Gender transition has brought me many good things. One of these is that in order to do the hard work of coming out to family and friends and coworkers and negotiating the many hurdles of gender transition, I had to reach a place of surety that my masculine gender identity defined my status as a man in a way others must respect. This gave me security in my manhood. But gender transition also came with some “gifts” I could do without. One of those was a welcome into the world of random challenges to fight. As an academic and a shrimp, I don't get a ton of them, but it periodically happens. A guy cuts me off pulling out of an alleyway nearly causing an accident, and then storms out of his car and tells me to be a man and get out of mine, spoiling for a fight. Three large young men brimming with insecure cockiness follow me down a street, commenting on how faggy my pink hair is and how I'm too much of a faggot to turn around when they're talking to me.

Though I find myself in these situations, I've yet to get into a fight. One teenaged boy slugged me once and ran off, but that was random and not interactive enough to count as a “fight”--which is exactly the point. I haven't found myself in a fistfight because I don't rise to the bait to defend my masculine honor. It's not that I don't feel that if I had to defend myself, I couldn't. (And I don't say that to prove I'm a man—I think that most people of any gender can learn to defend themselves if they have to.) I don't rise to the bait because I don't feel challenged. My masculinity is not based on my vehicular dominance or the color of my hair or my physical strength, but on my gender identity. Inside, when I'm called a “fag” for dying my hair pink for a while, I'm rolling my eyes. Outwardly, being sane, I simply don't respond. And when my cheek is metaphorically slapped for a ritual duel and I don't return the slap, generally the fight fizzles. The Code of Masculine Honor is not served by fighting with girls, or with people who don't care if you call them one.
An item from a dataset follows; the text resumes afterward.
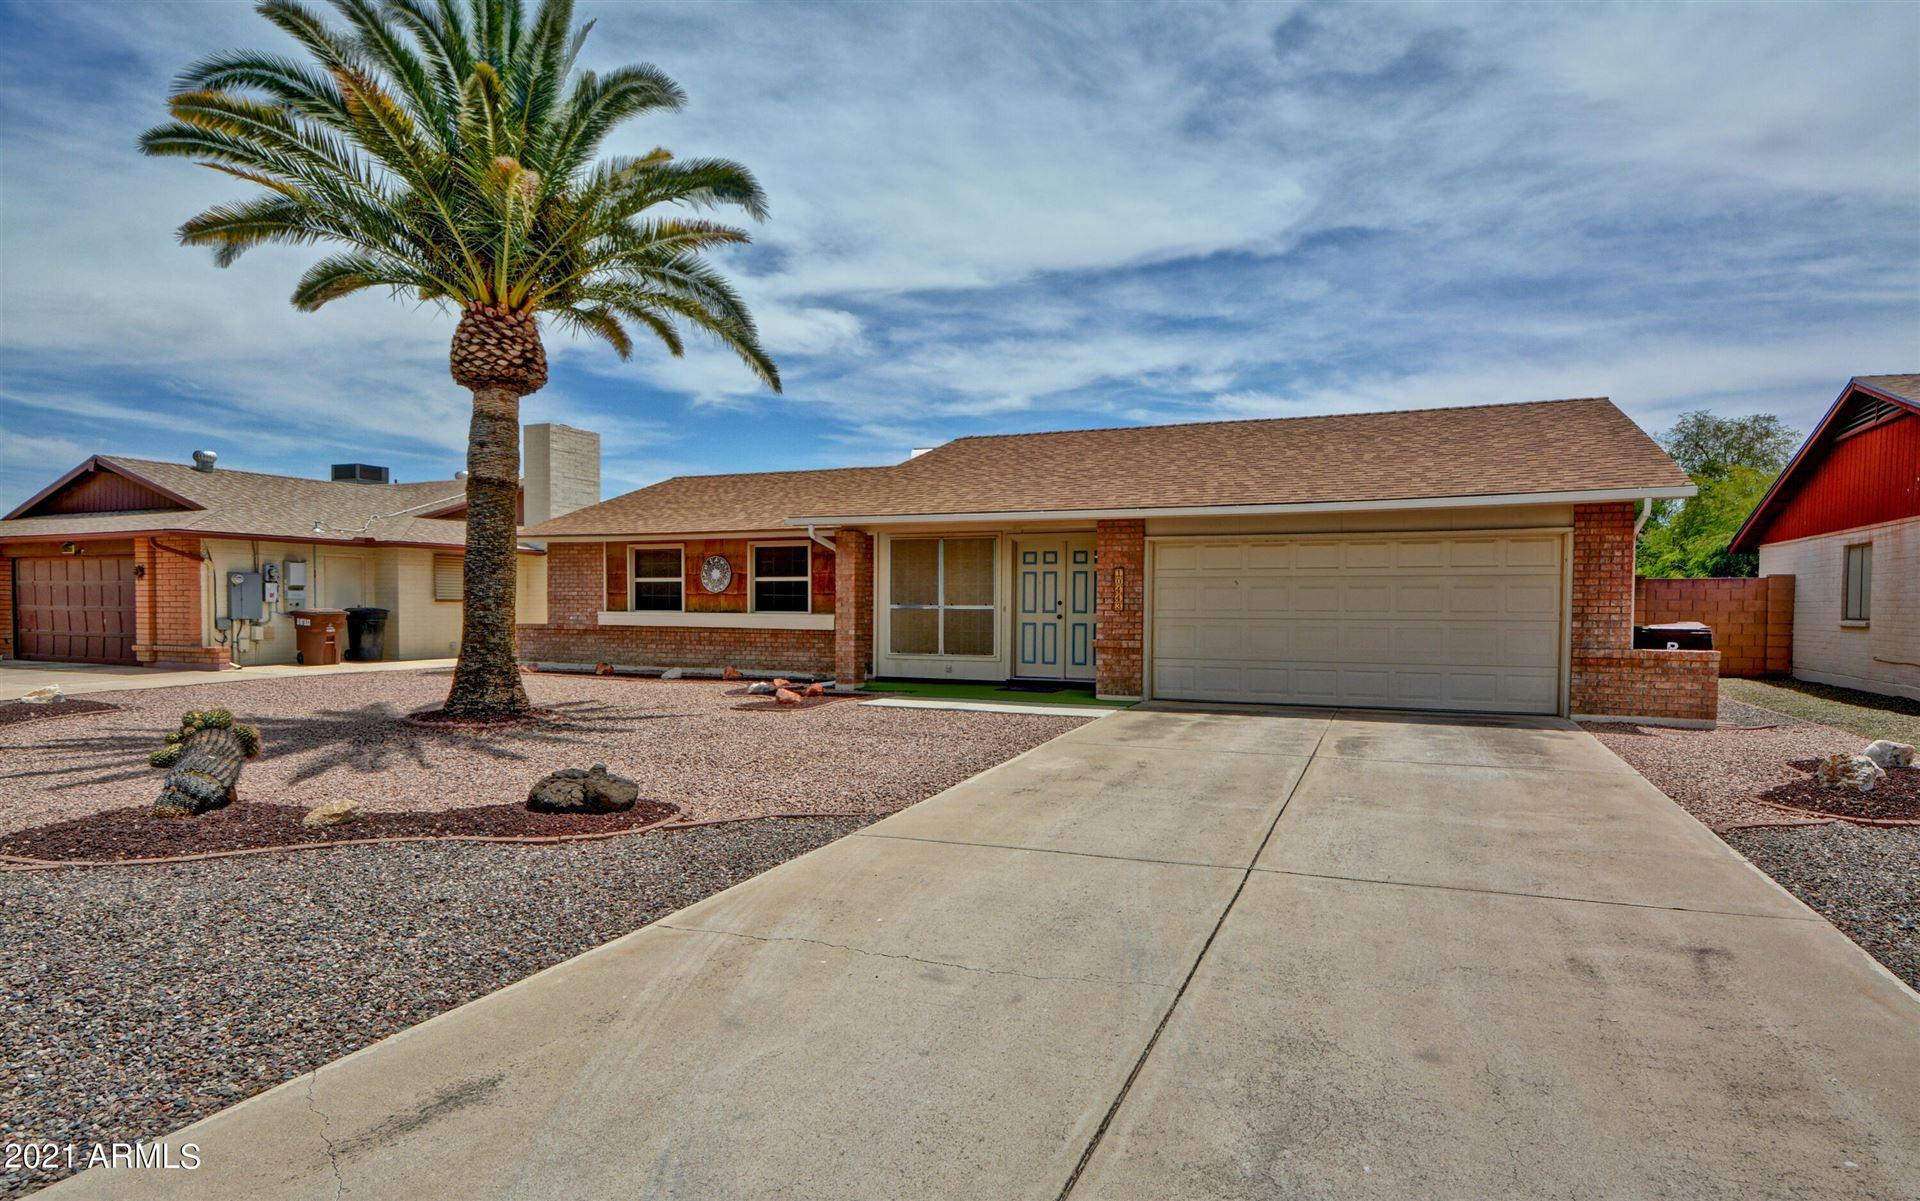 Photo of 10443 W BUTLER Drive, Peoria, AZ 85345 (MLS # 6235563)

That doesn't mean I don't think the Code poses a serious problem for trans people. Those who enforce “real manhood” guard its territory closely, and are often hugely transphobic. They refuse to let people in or out of the man club based on their gender identities. While as a trans person I don't feel undermined by claims that my behavior is incompatible with honorable masculinity, I'm deeply hurt when people assert that I am literally not a man. And I am fearful of the fact that some defenders of “real manhood” engage in a very ugly form of violence—not individual duels of masculine honor, but warlike boundary guarding, involving group attacks on people who reject the archaic Code: fagbashing, gang rape, brutal trans murders.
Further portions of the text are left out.